No dia 8 de Abril, sábado de Aleluia, realizou-se em Penacova o “Enterro do Bacalhau”. Esta manifestação popular que durante muitos anos se fez na vila e que desde os inícios da década de trinta não tinha lugar começou, no ano passado, a ser reavivada graças à iniciativa das associações juvenis “Partículas Soltas” e “Vox et Communio”, tendo-se-lhe este ano juntado a associação musical “Sons do Mondego”.
O cortejo do “Enterro do Bacalhau” arrancou da Eirinha, desceu ao Terreiro (onde em frente a Câmara actuaram grupos de crianças), dirigiu-se à rua principal da vila, entre a Igreja e o largo de Cruzeiro (onde o “bacalhau” acabou por ser enterrado) com uma paragem no Largo de S. Francisco para a apresentação de um Teatro de Rua onde não faltou o humor, a sátira e a crítica social e política, traduzida nalgumas quadras com que o “bacalhau” se tentou defender das acusações que lhe foram dirigidas.
Sandra Henriques, encenadora do grupo de Teatro Partículas Soltas, escreveu na rede social Facebook, a propósito do evento deste ano o seguinte: “Uma vez mais saímos à rua para ver se, de alguma forma, agitamos e damos cor à nossa querida Vila de Penacova (...) E que bem acompanhados estivemos! De um lado os nossos 30 atores (miúdos e graúdos) acompanhados pelos familiares que largam os seus afazeres de Páscoa para virem fazer a festa connosco e mostrarem aos mais novos que é tão bom sermos livres! Do outro, o Vox et Communio com as suas vozes e a garra de se desafiarem constantemente num espírito de cooperação maravilhoso. De outro, a energia contagiante da Associação Musical Sons do Mondego, que era a peça que nos faltava.”

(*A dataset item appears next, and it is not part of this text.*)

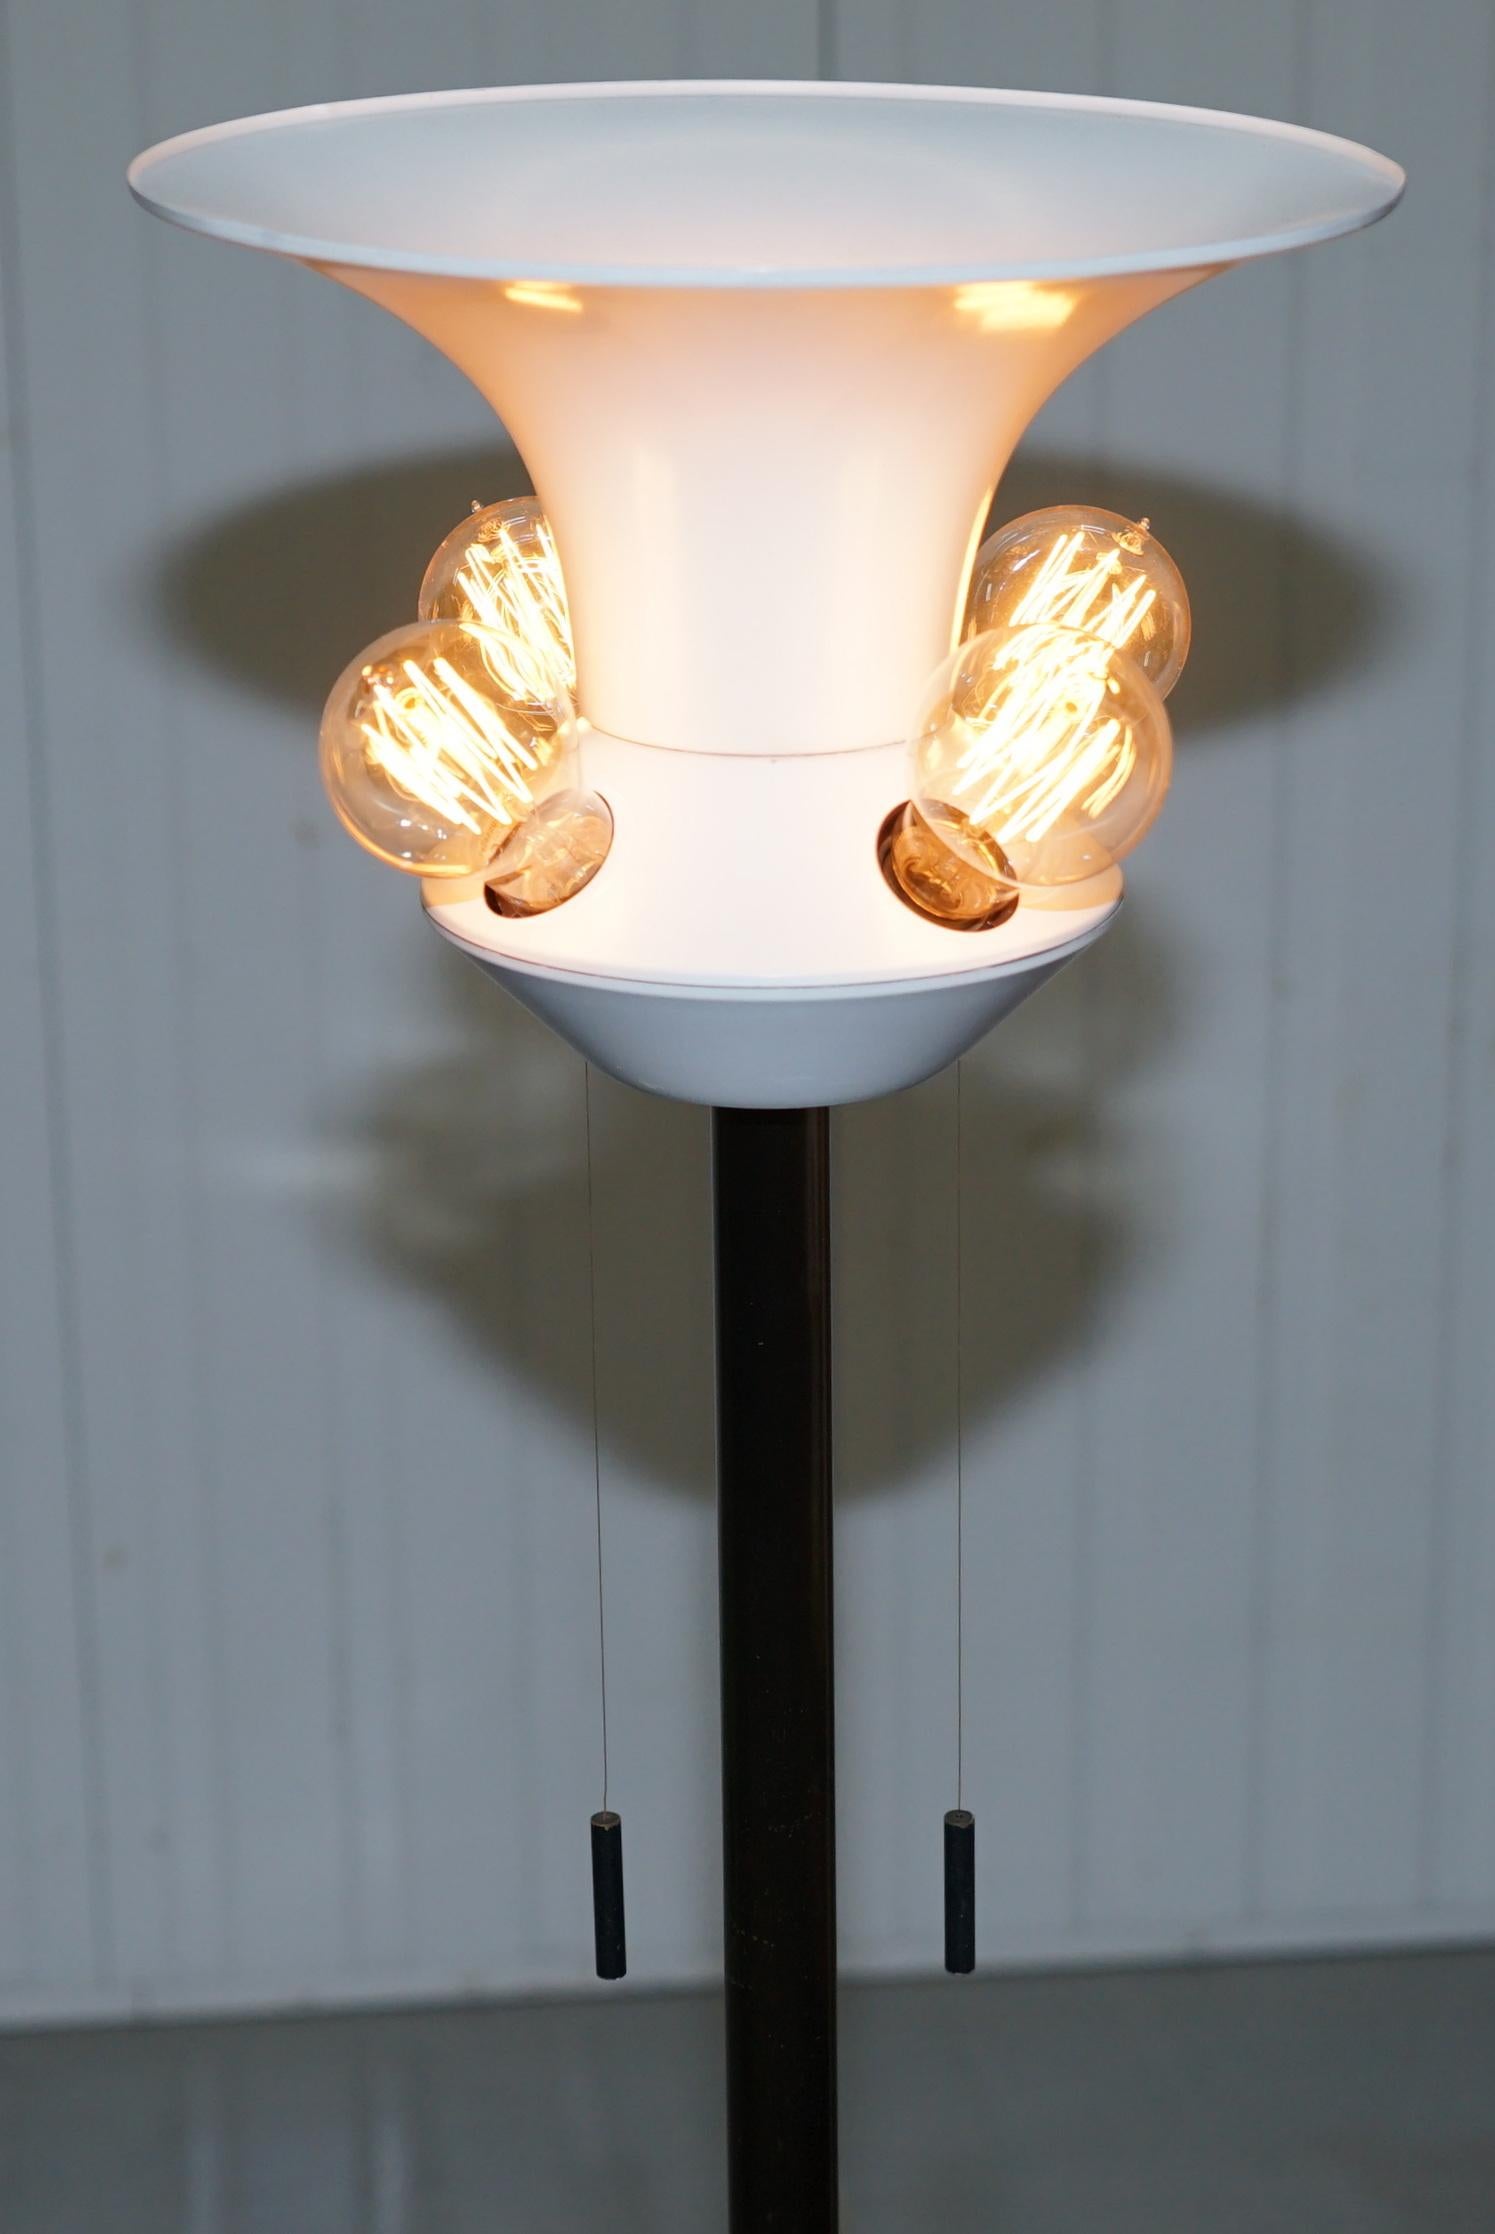 Nous sommes ravis d'offrir à la vente cette lampe sur pied Art Moderne des années 1960

Il s'agit d'une lampe bien froide, il y a quatre lumières à l'extérieur et une à l'intérieur, il y a deux cordons lumineux, tirez le premier cordon et deux des

Esta tradição está ainda presente nos dias de hoje em muitos locais do país (Pampilhosa, Figueira da Foz, Góis, Soutocico, Peniche, Sesimbra, Laranjeiro, Barreiro, Rio de Mouro, Alenquer, Torres Novas, etc). Recorde-se que o Enterro do Bacalhau de Soutocico (Leiria) chegou mesmo a ser, em 2020, candidato às 7 Maravilhas da Cultura Popular. A condenação à pena capital e enterro do bacalhau, bem como todo o conjunto de rituais passou a integrar a cultura popular há longos anos atendendo a que durante os quarenta dias que vão do Carnaval à Páscoa a Igreja Católica impôs rigoroso jejum e completa abstinência de carne. Com isso, quando se chegava ao fim da Quaresma já o povo estava farto de comer bacalhau e de se privar de muitas coisas além da carne, por exemplo dos bailes e de tudo o que fosse divertimento.
Assim, o “enterro do bacalhau” passou a assumir-se como uma “tradição que tem lugar no Sábado de Aleluia para celebrar o fim das privações, incluindo as gastronómicas, que tinham lugar na Quaresma. Em geral, o julgamento do bacalhau é uma manifestação teatral que inclui também um cortejo fúnebre. Algumas das personagens que participam são o doutor juiz, os advogados, o oficial de diligências, o réu bacalhau e as testemunhas – salsa, alho, cebola, e vários temperos.” Há localidades - por exemplo Rio de Mouro (Sintra) - que fazem o “enterro do bacalhau”, não no Sábado de Aleluia, mas na Terça-Feira “gorda”, isto é no dia de Carnaval.
Em Penacova, temos notícia dos Cortejos em 1910, 1911 e 1932. Em 1932, a comissão que estava constituída não obteve autorização do Administrador Concelhio tendo surgido um outro grupo que, à última hora, acabou por organizar um cortejo alternativo na Segunda-Feira da Páscoa, com “figuras simbólicas e carros alegóricos”. Em 1910, de acordo com notícia no Jornal de Penacova “foi um verdadeiro sucesso o enterro do bacalhau que teve lugar nesta vila” na noite de Sábado de Aleluia. “A afluência do público ao funéreo e burlesco enterro foi extraordinária (…). O povinho ficou embasbacado ante o aparato para si estonteador e nunca antes visto na nossa terra”. Um autêntico “sucesso” para “um burgo, apático e podre a propósito de diversões.” Em 1911 repetiu-se e até se publicou um “jornal” satírico “A Espinha”. Uma preciosidade: quatro páginas cheias de humor e sarcasmo, como convinha nesta manifestação popular.